OBQ error minimization objective:
argmin_Q ||WX - QX||_F^2
Where W is the original weight, Q is the quantized weight, and X is the input activation.
Hessian-based weight update:
After quantizing each weight, the resulting error is propagated to the remaining weights using the inverse Hessian H^(-1).
import torch
import math
def gptq_quantize_weight(weight: torch.Tensor,
hessian: torch.Tensor,
num_bits: int = 4,
group_size: int = 128,
damp_percent: float = 0.01):
"""
Quantize weights using the GPTQ algorithm
Args:
weight: [out_features, in_features] weight matrix
hessian: [in_features, in_features] Hessian matrix (H = 2 * X @ X.T)
num_bits: quantization bit count
group_size: group size
damp_percent: damping ratio for Hessian stabilization
"""
W = weight.clone().float()
n_rows, n_cols = W.shape
# Hessian damping (numerical stability)
H = hessian.clone().float()
dead_cols = torch.diag(H) == 0
H[dead_cols, dead_cols] = 1
W[:, dead_cols] = 0
damp = damp_percent * H.diag().mean()
H.diagonal().add_(damp)
# Inverse Hessian via Cholesky decomposition
H_inv = torch.linalg.cholesky(H)
H_inv = torch.cholesky_inverse(H_inv)
H_inv = torch.linalg.cholesky(H_inv, upper=True)
Q = torch.zeros_like(W)
Losses = torch.zeros_like(W)
q_max = 2 ** (num_bits - 1) - 1
for col_idx in range(n_cols):
w_col = W[:, col_idx]
h_inv_diag = H_inv[col_idx, col_idx]
# Compute per-group scale
if group_size != -1 and col_idx % group_size == 0:
group_end = min(col_idx + group_size, n_cols)
w_group = W[:, col_idx:group_end]
max_abs = w_group.abs().max(dim=1)[0].unsqueeze(1)
scale = max_abs / q_max
scale = torch.clamp(scale, min=1e-8)
# Quantize
q_col = torch.clamp(torch.round(w_col / scale.squeeze()), -q_max, q_max)
q_col = q_col * scale.squeeze()
Q[:, col_idx] = q_col
# Quantization error
err = (w_col - q_col) / h_inv_diag
Losses[:, col_idx] = err ** 2 / 2
# Propagate error to remaining weights (the key step!)
W[:, col_idx + 1:] -= err.unsqueeze(1) * H_inv[col_idx, col_idx + 1:].unsqueeze(0)
return Q, Losses
5.2 Using AutoGPTQ
Practical GPTQ quantization uses the AutoGPTQ library.
from auto_gptq import AutoGPTQForCausalLM, BaseQuantizeConfig
from transformers import AutoTokenizer
import torch
def quantize_with_gptq(
model_name: str,
output_dir: str,
bits: int = 4,
group_size: int = 128
):
"""Quantize model with AutoGPTQ"""
tokenizer = AutoTokenizer.from_pretrained(model_name, use_fast=True)

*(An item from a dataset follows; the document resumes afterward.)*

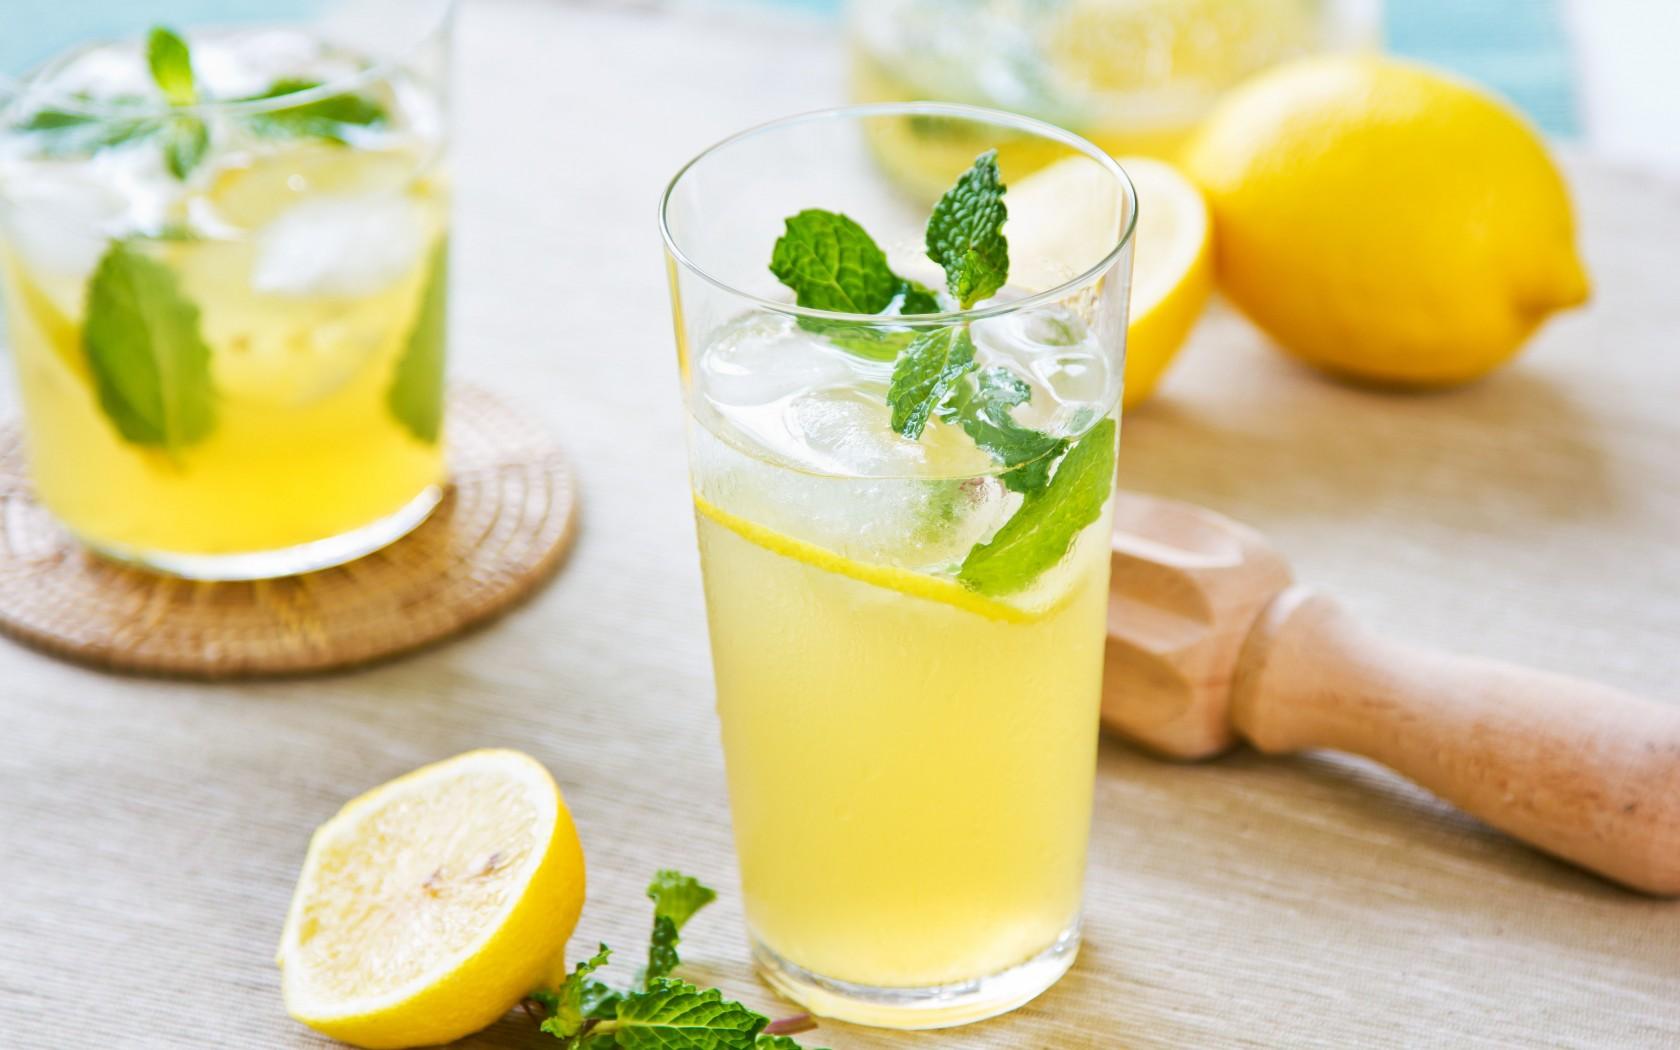 8 Lovely HD Lemonade Drink Wallpapers 1680x1050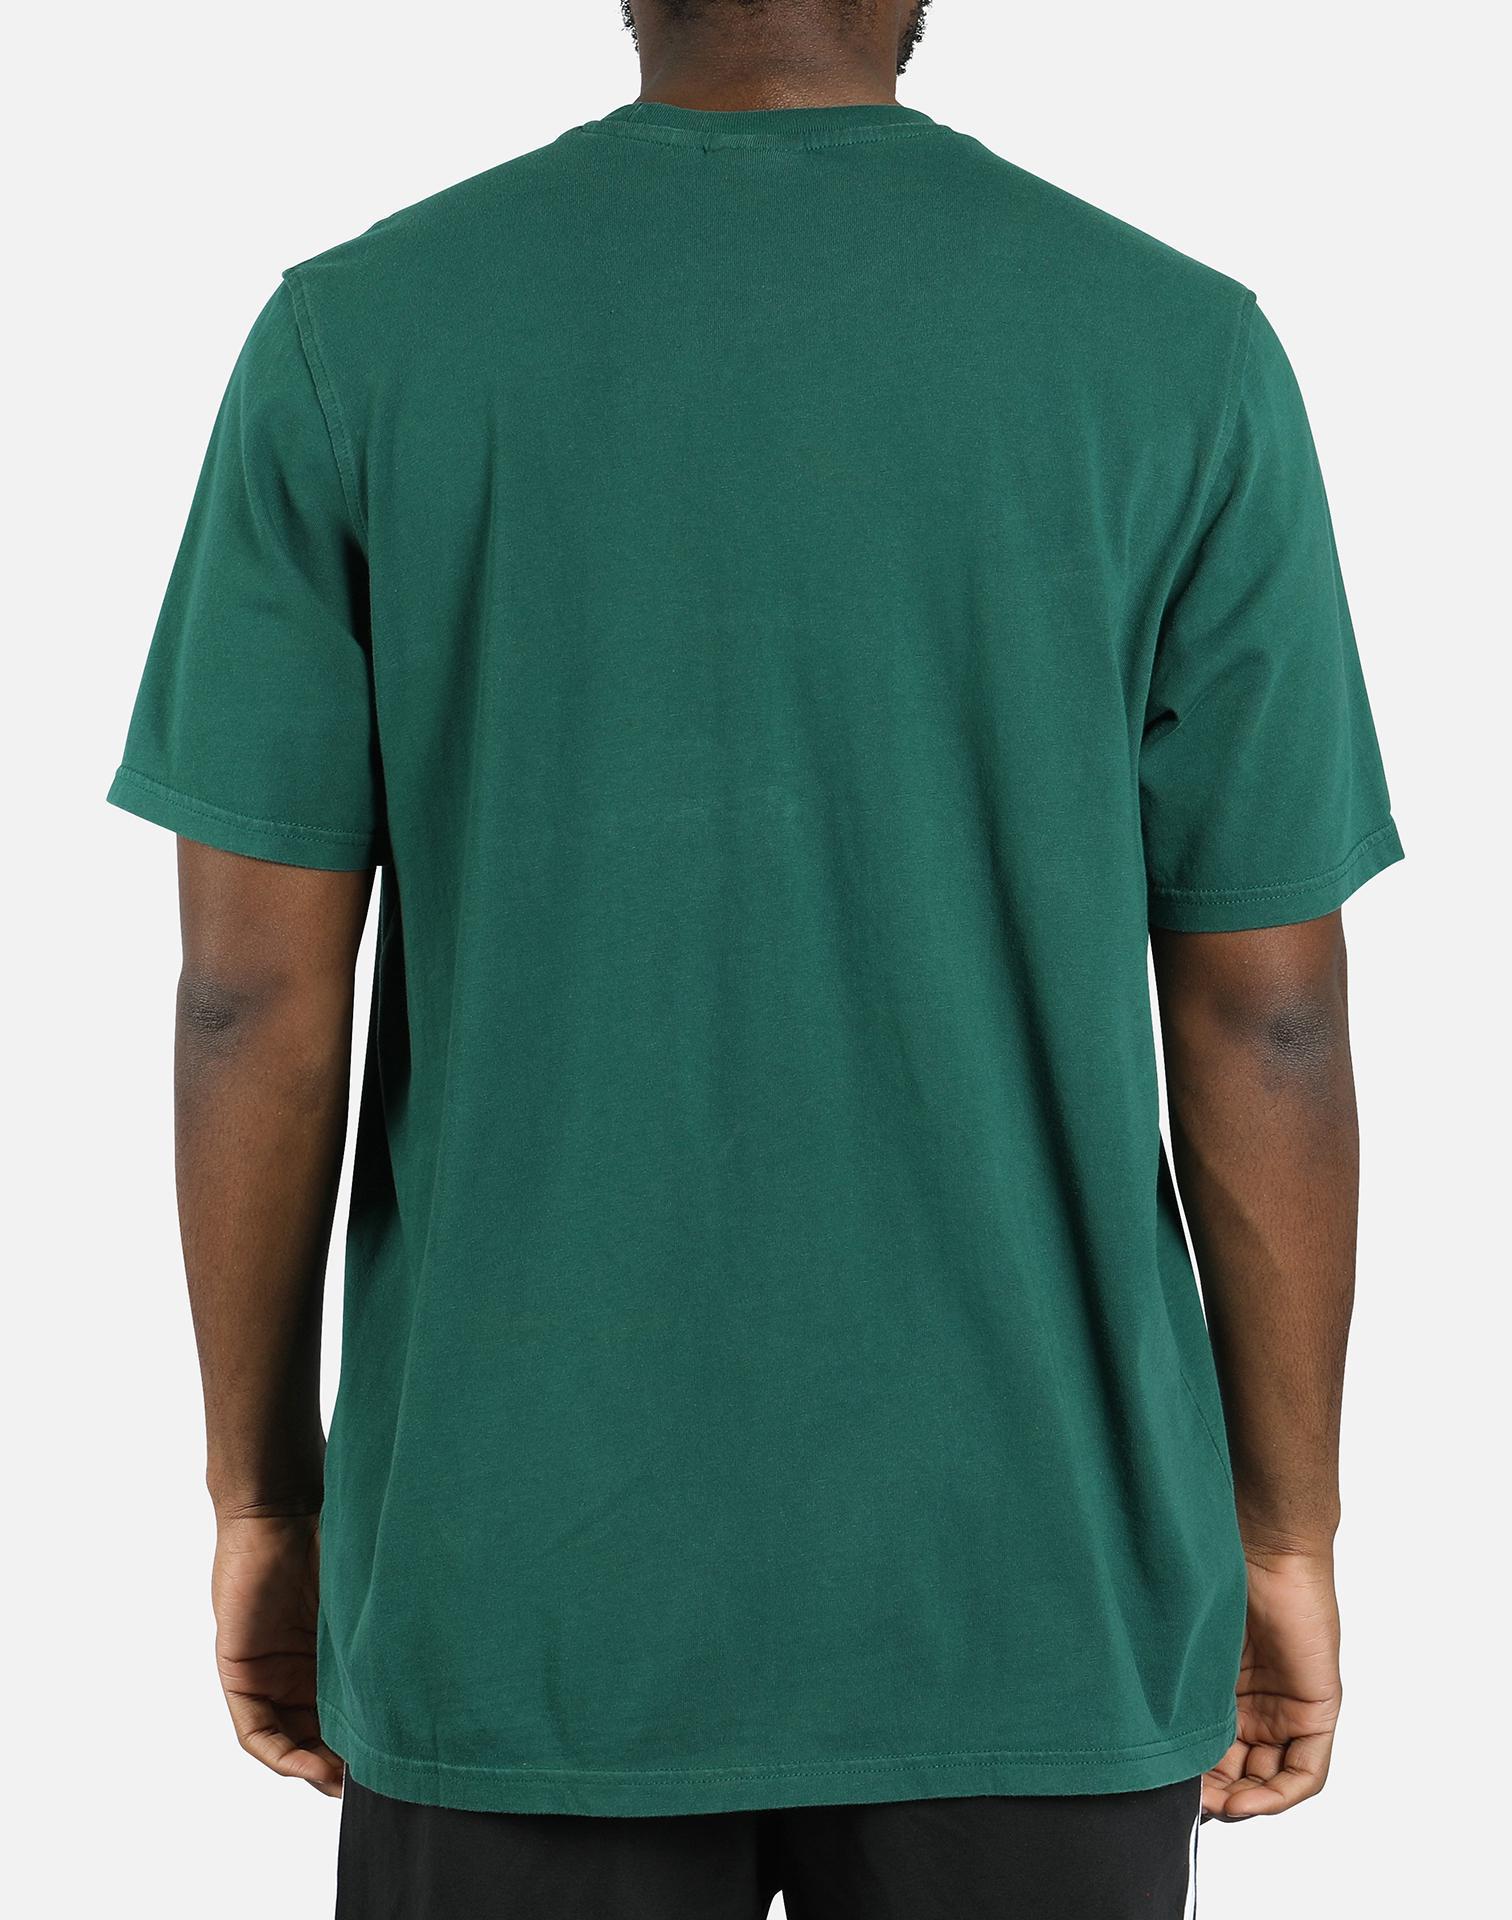 Lyst Adidas Trefoil Tee en Hombres 9027 en Verde en Tee para Hombres b15cbe

quantize_config = BaseQuantizeConfig(
bits=bits,
group_size=group_size,
damp_percent=0.01,
desc_act=False,
sym=True,
true_sequential=True
)
model = AutoGPTQForCausalLM.from_pretrained(
model_name,
quantize_config=quantize_config
)
# Prepare calibration data
from datasets import load_dataset
dataset = load_dataset("wikitext", "wikitext-2-raw-v1", split="train")
calibration_data = []
for text in dataset["text"][:128]:
if len(text.strip()) > 50:
encoded = tokenizer(
text.strip(),
return_tensors="pt",
max_length=2048,
truncation=True
)
calibration_data.append(encoded["input_ids"].squeeze())
print(f"Starting GPTQ {bits}bit quantization...")
model.quantize(calibration_data)
model.save_quantized(output_dir, use_safetensors=True)
tokenizer.save_pretrained(output_dir)
print(f"Quantization complete: {output_dir}")
return model, tokenizer
def load_gptq_model(model_dir: str, device: str = "cuda"):
"""Load GPTQ quantized model"""
model = AutoGPTQForCausalLM.from_quantized(
model_dir,
device=device,
use_triton=False,
disable_exllama=False,
inject_fused_attention=True,
inject_fused_mlp=True
)
tokenizer = AutoTokenizer.from_pretrained(model_dir)
return model, tokenizer
6. AWQ: Activation-aware Weight Quantization
AWQ, published in 2023, analyzes activation distributions to protect important weight channels. (arXiv:2306.00978)
6.1 Differences from GPTQ
| Feature | GPTQ | AWQ |
|---|---|---|
| Approach | Hessian-based error compensation | Activation-based scaling |
| Calibration data | Required (128+ samples) | Required (32+ samples) |
| Speed | Slow (1–4 hours) | Fast (tens of minutes) |
| Quality | Excellent | Excellent (comparable or better) |
| Key feature | Per-channel optimization | Activation outlier handling |
6.2 Using AutoAWQ
from awq import AutoAWQForCausalLM
from transformers import AutoTokenizer
def quantize_with_awq(
model_name: str,
output_dir: str,
bits: int = 4,
group_size: int = 128
):
"""Quantize model with AutoAWQ"""
tokenizer = AutoTokenizer.from_pretrained(
model_name,
trust_remote_code=True
)
model = AutoAWQForCausalLM.from_pretrained(
model_name,
low_cpu_mem_usage=True,
use_cache=False
)
quant_config = {
"zero_point": True,
"q_group_size": group_size,
"w_bit": bits,
"version": "GEMM"
}
print(f"Starting AWQ {bits}bit quantization...")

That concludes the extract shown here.